Two bugs working together caused the prompt overflow:

  1. Inaccurate token estimation: The total_chars // 4 heuristic dramatically underestimates tokens for CJK content (Chinese characters use ~1.5 tokens/char, not 0.25). A 400k-char Chinese document estimates as 100k tokens but actually has 200k+ tokens, passing the injection threshold incorrectly.

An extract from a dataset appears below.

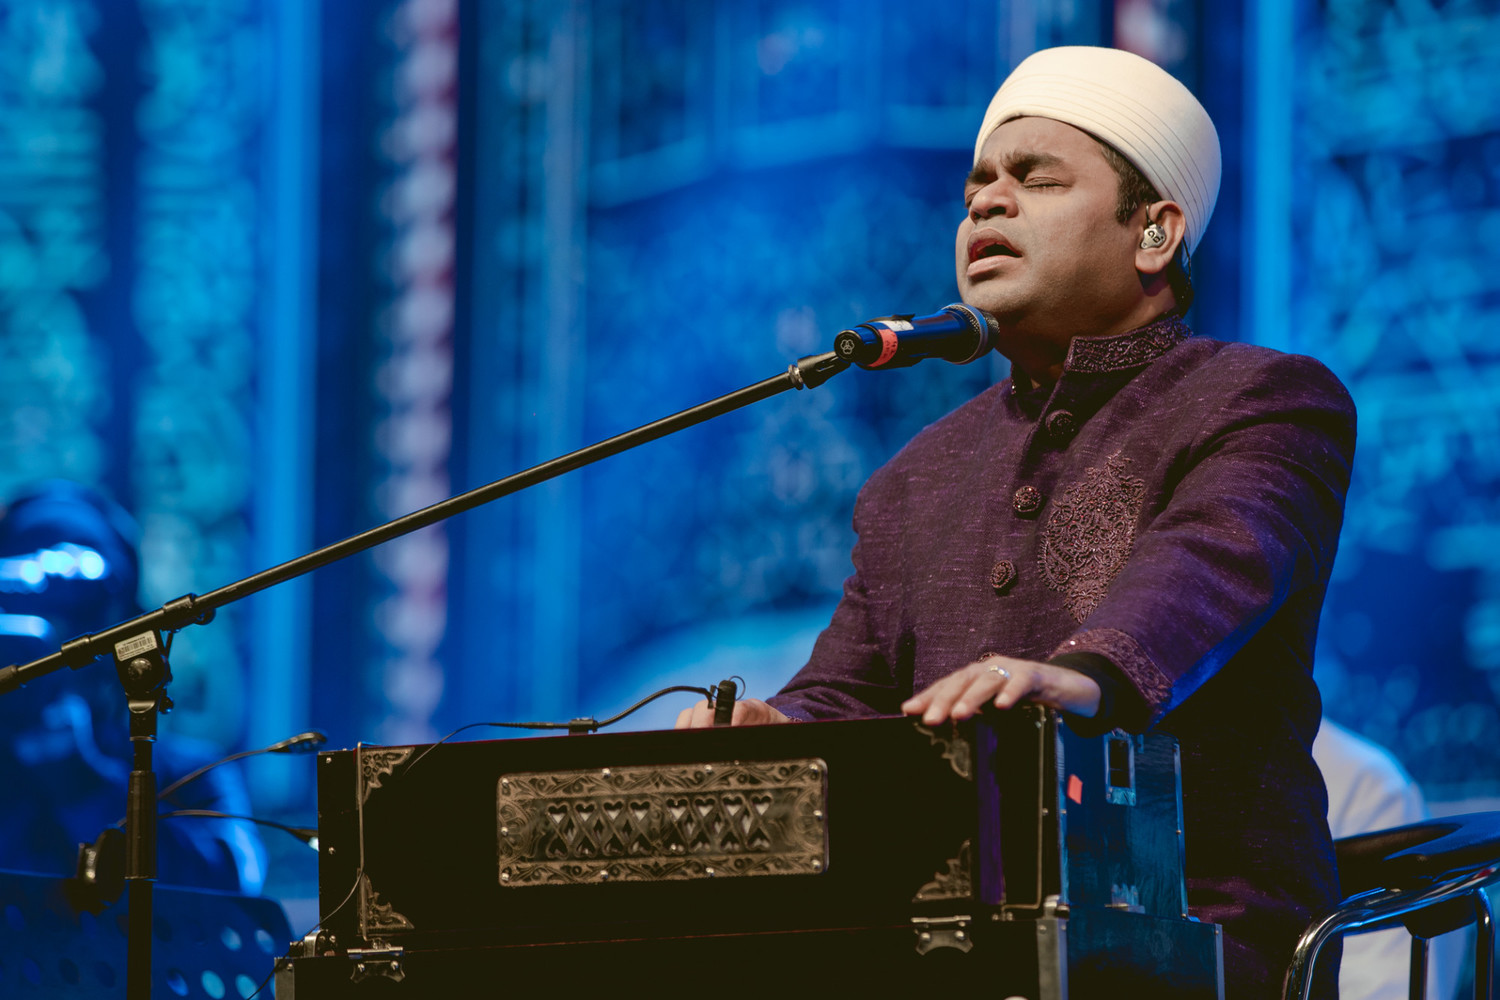 Review:  A. R. RAHMAN AND NOORAN SISTERS, Highlights Of The Global Sufi Festival 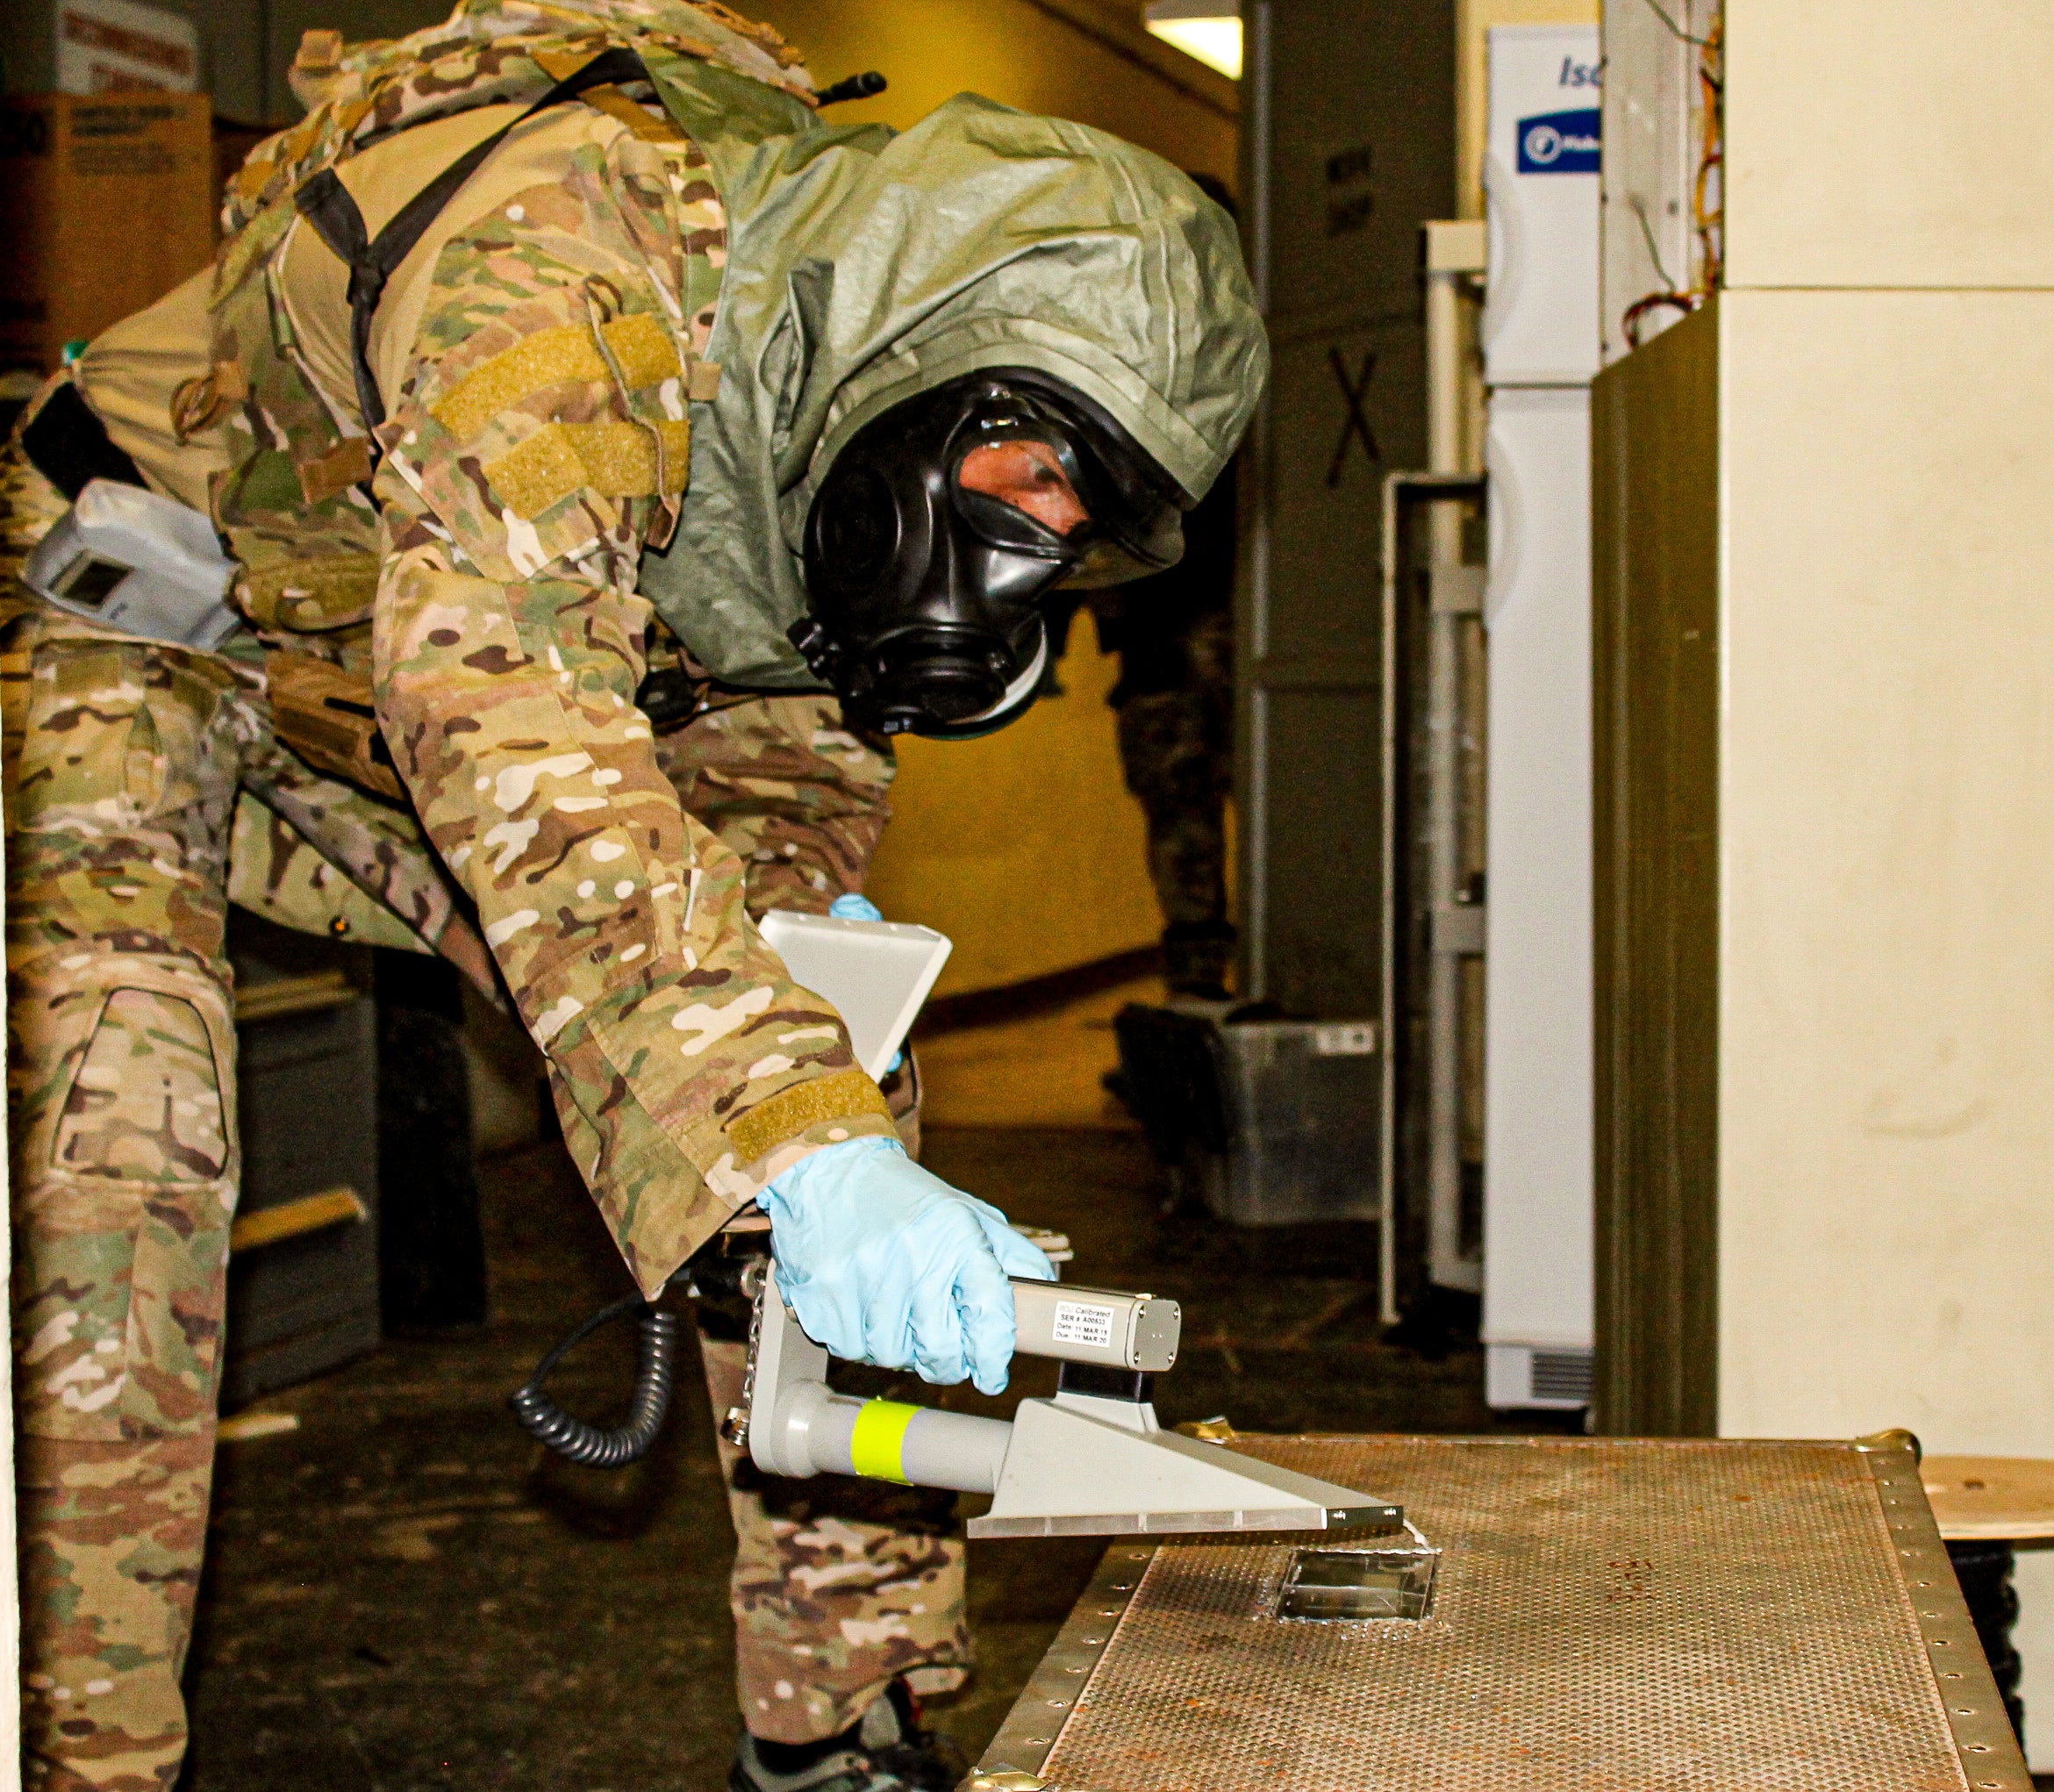 200604-N-UP025-001 San Diego, Calif. (June 4, 2020) An explosive ordnance disposal (EOD) technician assigned to EOD Mobile Unit Eleven conducts radiological search procedures at a training bunker onboard Naval Base Point Loma as part of training administered through EOD Training and Evaluation Unit One. Navy EOD technicians are uniquely qualified to detect, identify, exploit, and eliminate chemical, biological, radiological, nuclear and explosive weapons in support of conventional and special operations forces. (U.S. Navy photo by Lt. Kara Handley/released)

  2. Compression blind spot: The AttachmentTruncationStrategy only recognizes <attachment>, [Attachment, etc. markers but NOT <selected_documents> tags used by notebook mode. This means injected document content is invisible to compression strategies and cannot be truncated as a safety net.

Changes

  1. backend/app/services/chat/preprocessing/selected_documents.py:

    • Add _estimate_tokens() with CJK-aware token estimation (~1.5 tokens/CJK char, ~0.25 tokens/Latin char, 10% safety margin)
    • Reduce MAX_INJECTION_RATIO from 0.5 to 0.3 to leave room for other prompt components
    • Add CJK character detection regex pattern
  2. chat_shell/chat_shell/compression/strategies.py:

    • Add <selected_documents> to DOCUMENT_MARKERS list
    • Update ATTACHMENT_PATTERN regex to match <selected_documents> XML tags and # Reference Documents headers
    • Fix header extraction in _truncate_attachments_proportionally to handle both bracket-style and XML-style document formats

Test plan

  • All 1102 backend tests pass
  • All 41 compression tests pass
  • All 334 chat_shell tests pass (1 pre-existing unrelated failure excluded)
  • Verify notebook chat with large CJK knowledge documents falls back to RAG instead of direct injection
  • Verify notebook chat with smaller documents still uses direct injection correctly
  • Verify compression can truncate <selected_documents> content when prompt exceeds context limits

Summary by CodeRabbit

Release Notes

  • Bug Fixes

    • Improved token counting for multilingual content in documents
    • Enhanced attachment format recognition and header extraction during truncation
  • Improvements

    • Optimized context window allocation for better document processing

The notebook chat page throws "prompt is too long" error when referencing
knowledge documents because of two issues:

1. Token estimation uses naive `len // 4` heuristic which dramatically
   underestimates tokens for CJK content (Chinese/Japanese/Korean chars
   use ~1.5 tokens per character, not 0.25). This causes large documents
   to pass the injection threshold when they shouldn't.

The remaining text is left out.